В Англии учителя философии, которые были гегельянцами, почти все принадлежали к левому крылу. «Религия, – писал Брэдли, – практична и потому все еще поглощена идеей блага; а в сути этой идеи содержится неразрешенное противоречие. Религия все еще вынуждена защищать некоторые взгляды, которые, как таковые, не могут быть приведены к единству; короче говоря, она существует постоянно колеблясь и входя в компромиссы». Ни Брэдли, ни Бозанкет не верили в личное бессмертие. Макензи в то время, когда я изучал философию, утверждал в одном своем выступлении, что «личный бог – это в каком-то смысле противоречие в терминах»; впоследствии он был одним из моих экзаменаторов. Отношение этих людей к религии, таким образом, не могло вызвать одобрения у ортодокса, но оно ни в коем случае не было враждебным: религия считалась существенным ингредиентом истины и полагалась ущербной только в том случае, если ее принимали за всю истину. Взгляд, которого я ранее придерживался, – «либо бог есть, либо его нет, и, вероятно, верно последнее», – они считали очень грубым; правильное мнение состоит в том, сказали бы они, что с одной точки зрения бог есть, а с другой – его нет; но с высшей точки зрения нет ни «есть», ни «нет». Будучи по природе «грубым», я так и не смог постигнуть этой вершины добросердечия.
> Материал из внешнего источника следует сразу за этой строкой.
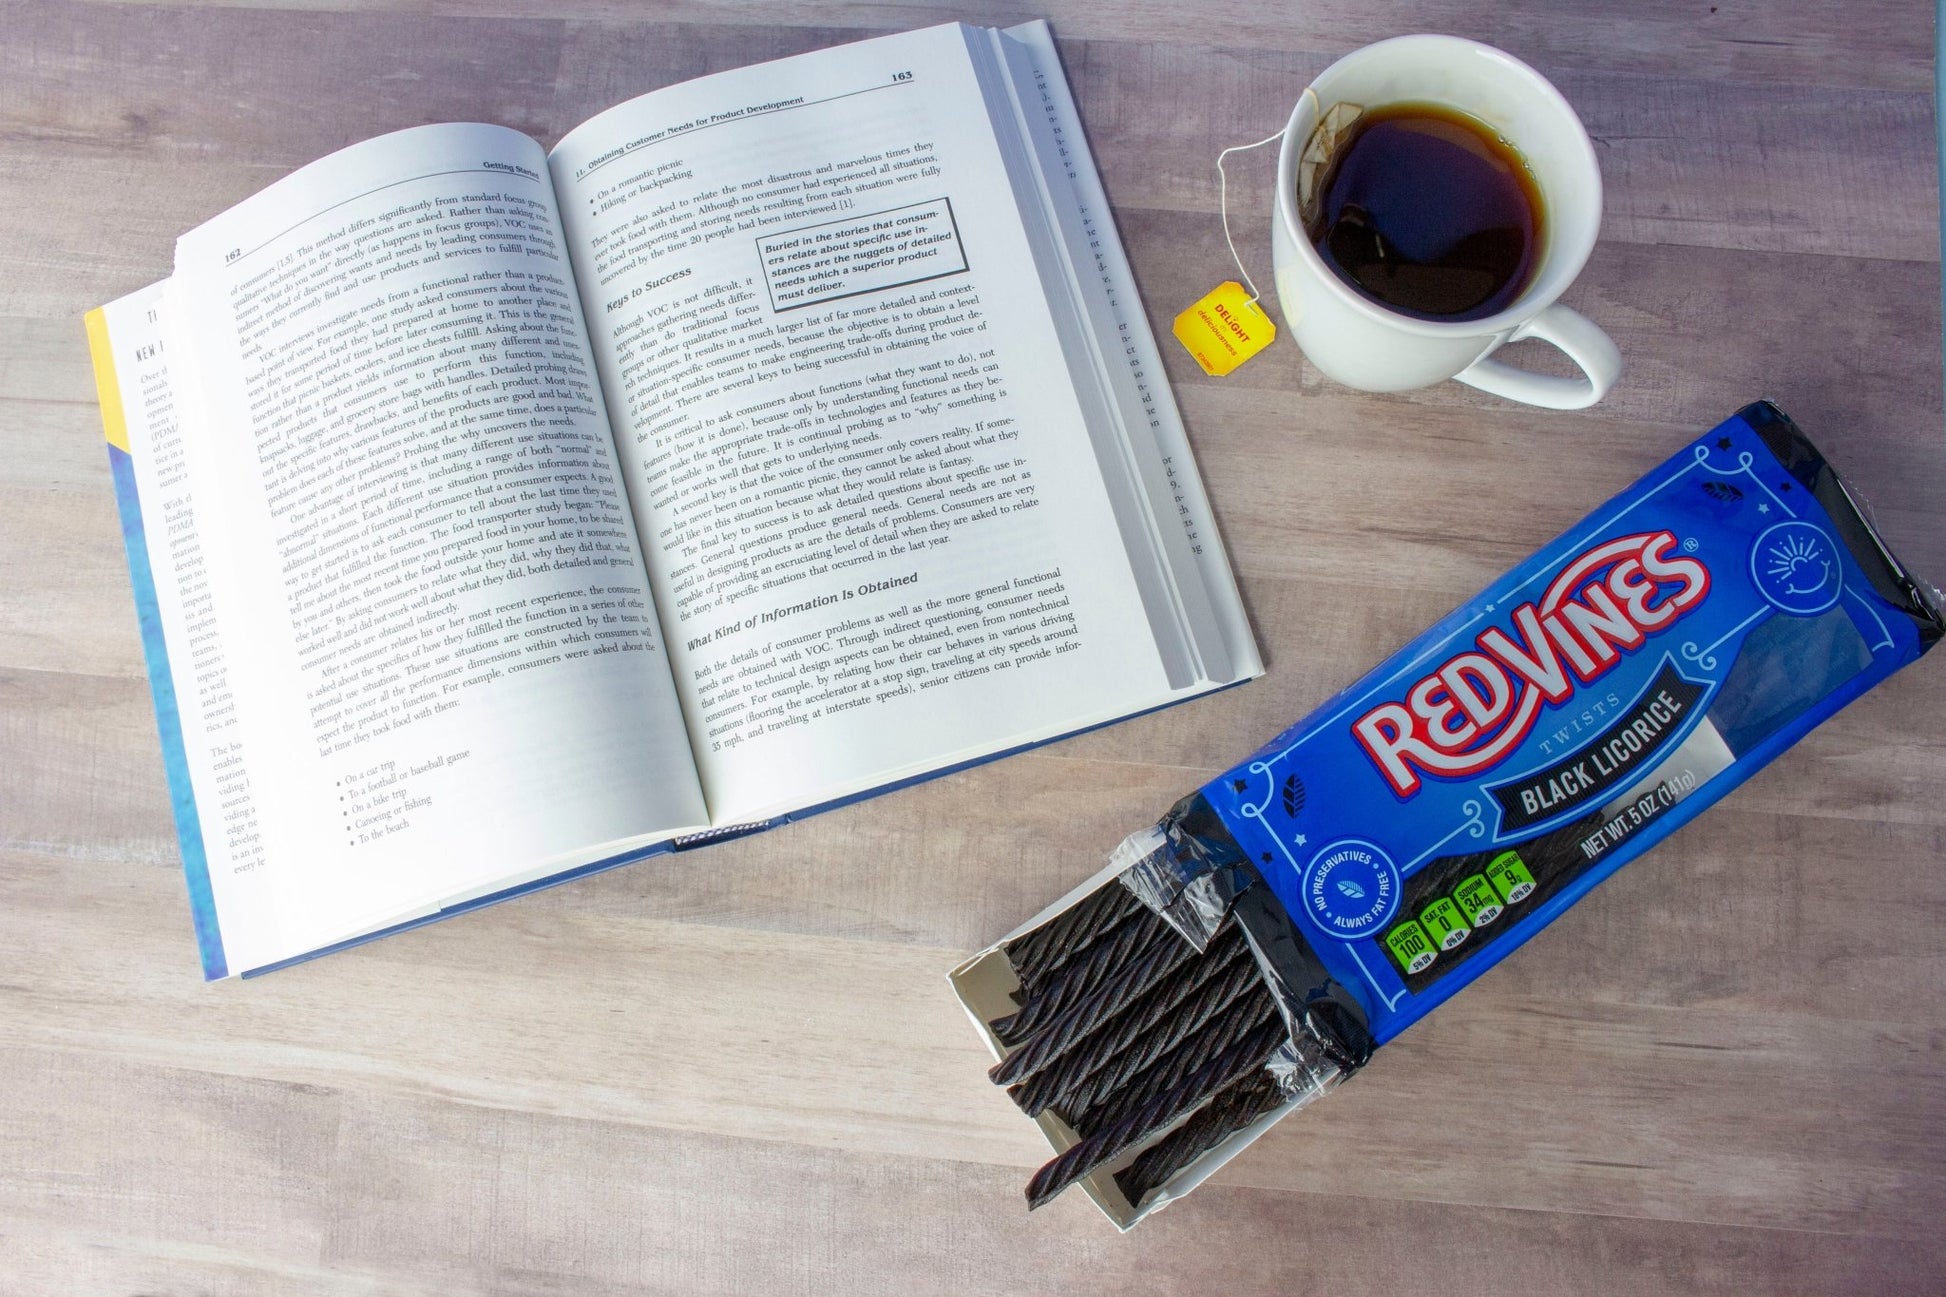 Enjoying a tray of Red Vines Black Licorice with tea and a good book
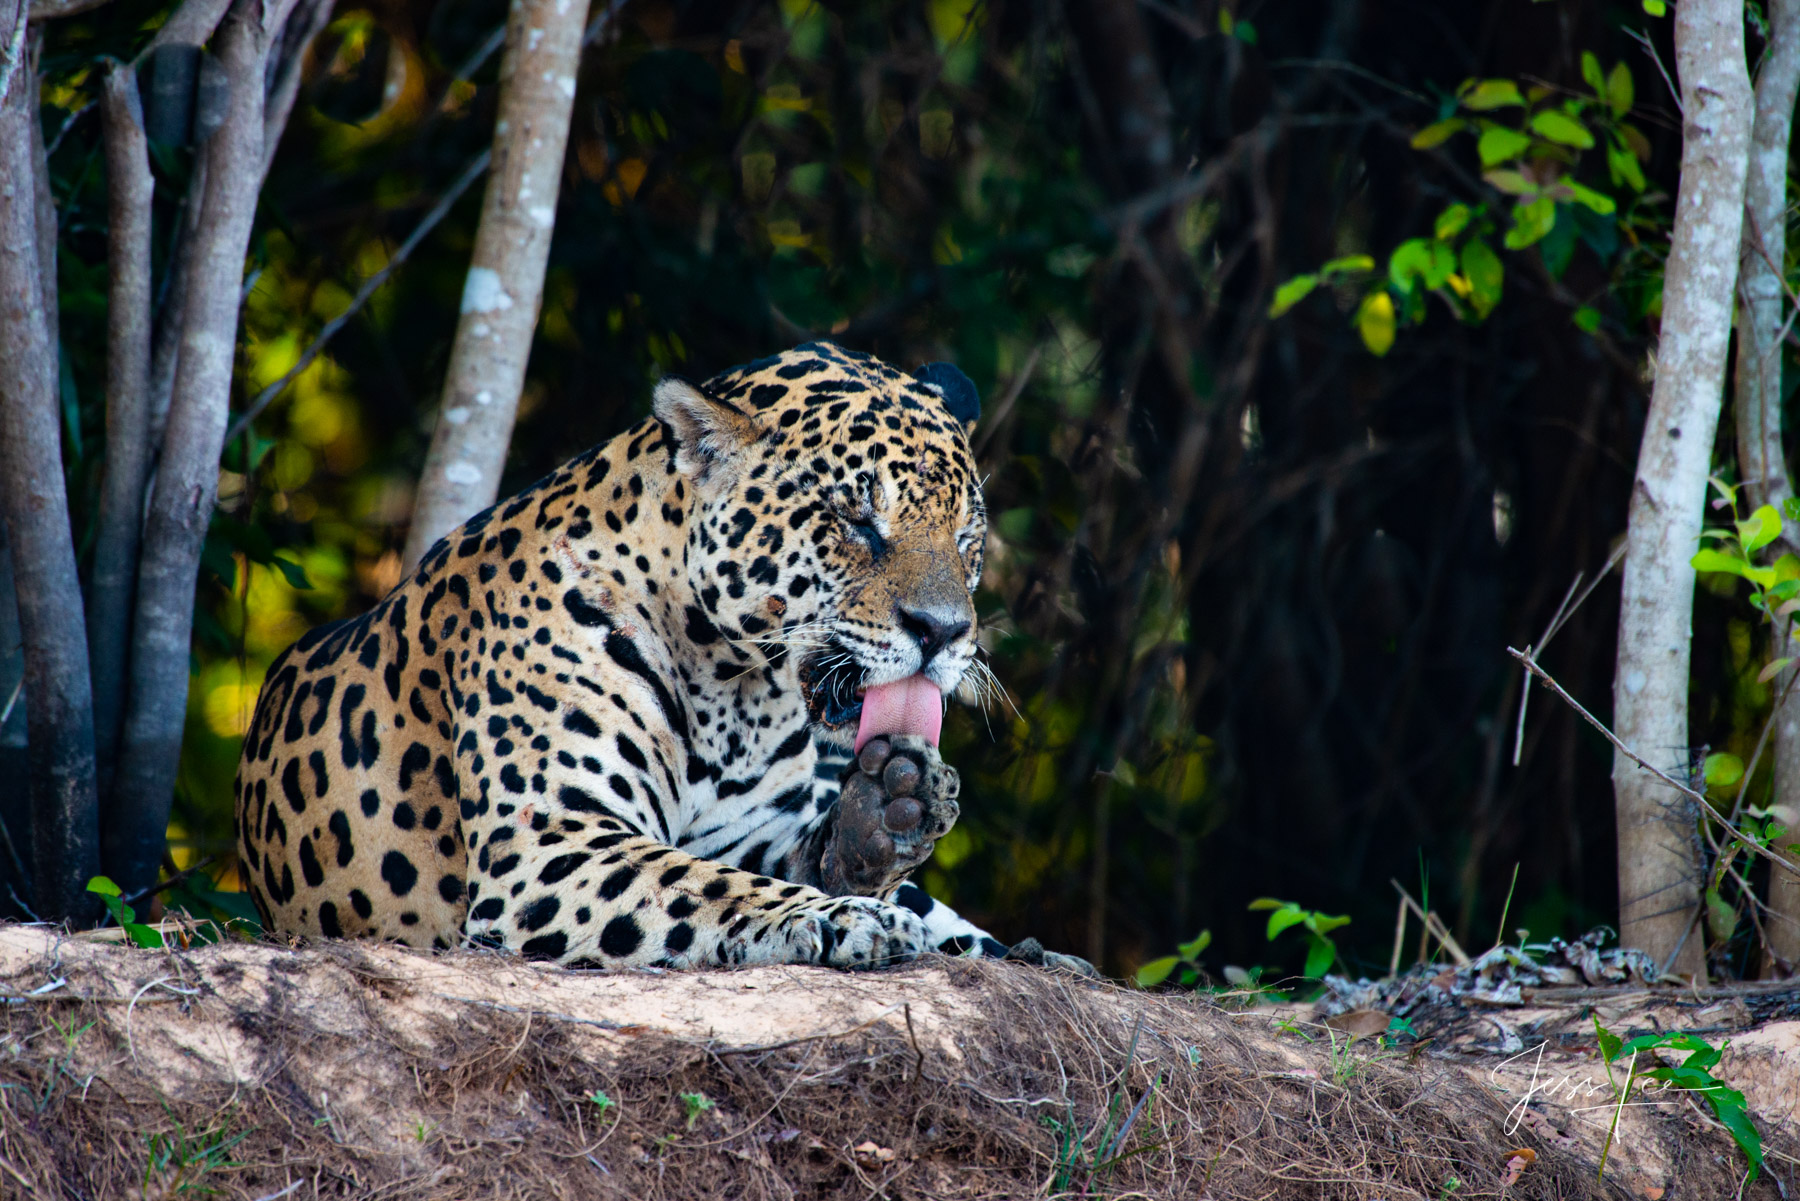 Fine art Jaguar cleaning itself print limited edition of 300 luxury prints by Jess Lee. All photographs copyright © Jess Lee

Мак-Таггарт, в значительной мере определивший философские воззрения моего поколения в Кембридже, выделялся среди гегельянцев в нескольких отношениях. Он был более верен, чем другие, диалектическому методу и защищал даже его детали. В отличие от некоторых принадлежавших к этой школе философов, он решительно утверждал какие-то вещи и решительно отрицал другие; он называл себя атеистом, но твердо верил в личное бессмертие и был убежден, что может логически доказать его. Он был на четыре года старше и в мой первый год в Кембридже председательствовал в студенческом союзе. Мы оба были такие застенчивые, что когда приблизительно через две недели после моего приезда он посетил меня, то не мог собраться с духом и войти в комнату, а я не осмеливался пригласить его, так что он оставался в дверях минут пять. Вскоре, однако, разговор перешел на философию, и робость исчезла. Я обнаружил, что все, что я думал об этике, логике и метафизике, считается опровергнутым с помощью какой-то малопонятной техники аргументации, которая привела меня в совершенное недоумение; и с помощью той же техники доказывалось, что я должен жить вечно. Я обнаружил, что старики считают это чушью, а молодые видят в этом смысл, так что из сочувствия решил изучать данную философию и какое-то время даже как-то верил в нее. Верил в нее недолгое время и Дж. Э. Мур. Но он обнаружил, что гегелевская философия неприменима к стульям и столам, а я обнаружил, что она неприменима к математике; так что с его помощью я выбрался из нее – обратно к здравому смыслу, закаленному математической логикой.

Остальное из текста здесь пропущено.